Close-up Anniversary

Aug 01, 2014 18:07

I was thinking it was getting to be time to make another post to this journal but wondering just what it could be about when I happened to see a notice that it's now been a round fifty years since the Ranger 7 space probe hit the Moon. While the actual date of impact was yesterday, it still evoked some thoughts in me.

Space probes these days do seem to last for a long time, taking pictures and other readings until I have to admit I sort of lose track of their regular updates, but the missions of the Ranger probes had a distinct time limit in being aimed right for the Moon to crash into it. I had heard about that quite early on in the first Moon landing narratives I found growing up, but knowing that the seventh Ranger was the first to be successful did leave me wondering about its six predecessors until I did some digging that culminated in buying a reprint of an official NASA history available online. That turned the whole thing into more of a tale of "overcoming adversity through persistence." The first two Rangers, I learned, had in fact only been intended as ultra-high altitude probes, but their second-stage boosters never got them out of parking orbits they weren't built for, and they ran out of attitude-control gas a lot faster than intended.
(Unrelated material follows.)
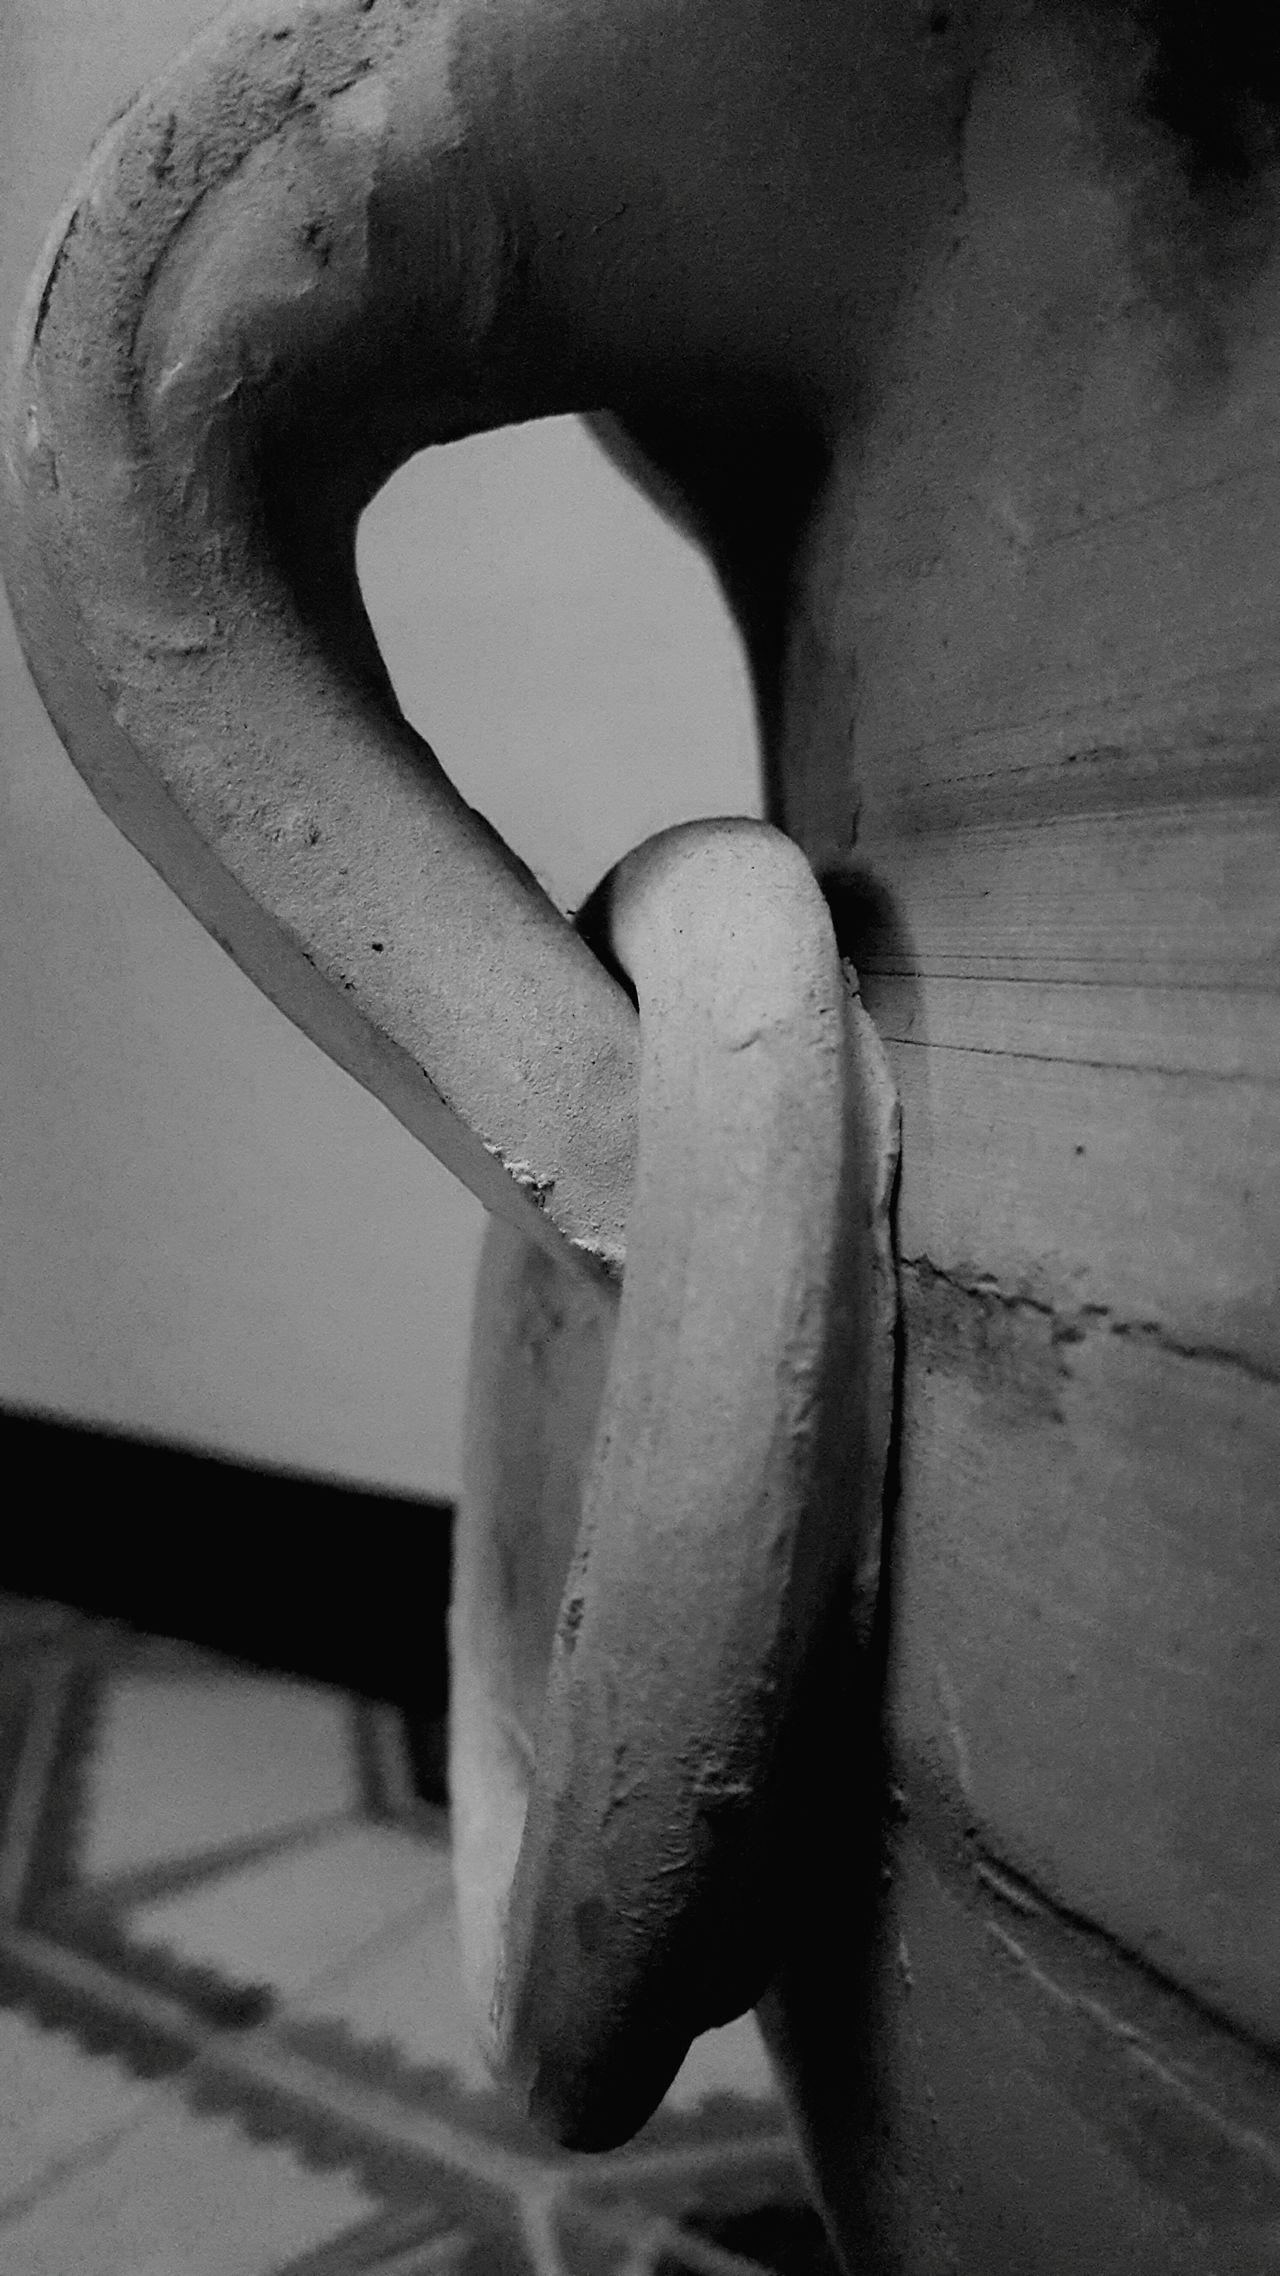 Detail Of Roman Amphora

The next three Rangers were supposed to take pictures and fire off special balsa-wood capsules with moonquake detectors in them just before hitting, but they all broke down on the way in different ways. (I did once find a National Geographic article in my grandmother's back issues hoping Ranger 5, at least, would work properly.) After that, the final Rangers just had video cameras, but the first of them had those cameras burn out during launch for a final humiliation before success at last, followed by two more successes. The tale, of course, wouldn't be as compelling without the happy ending.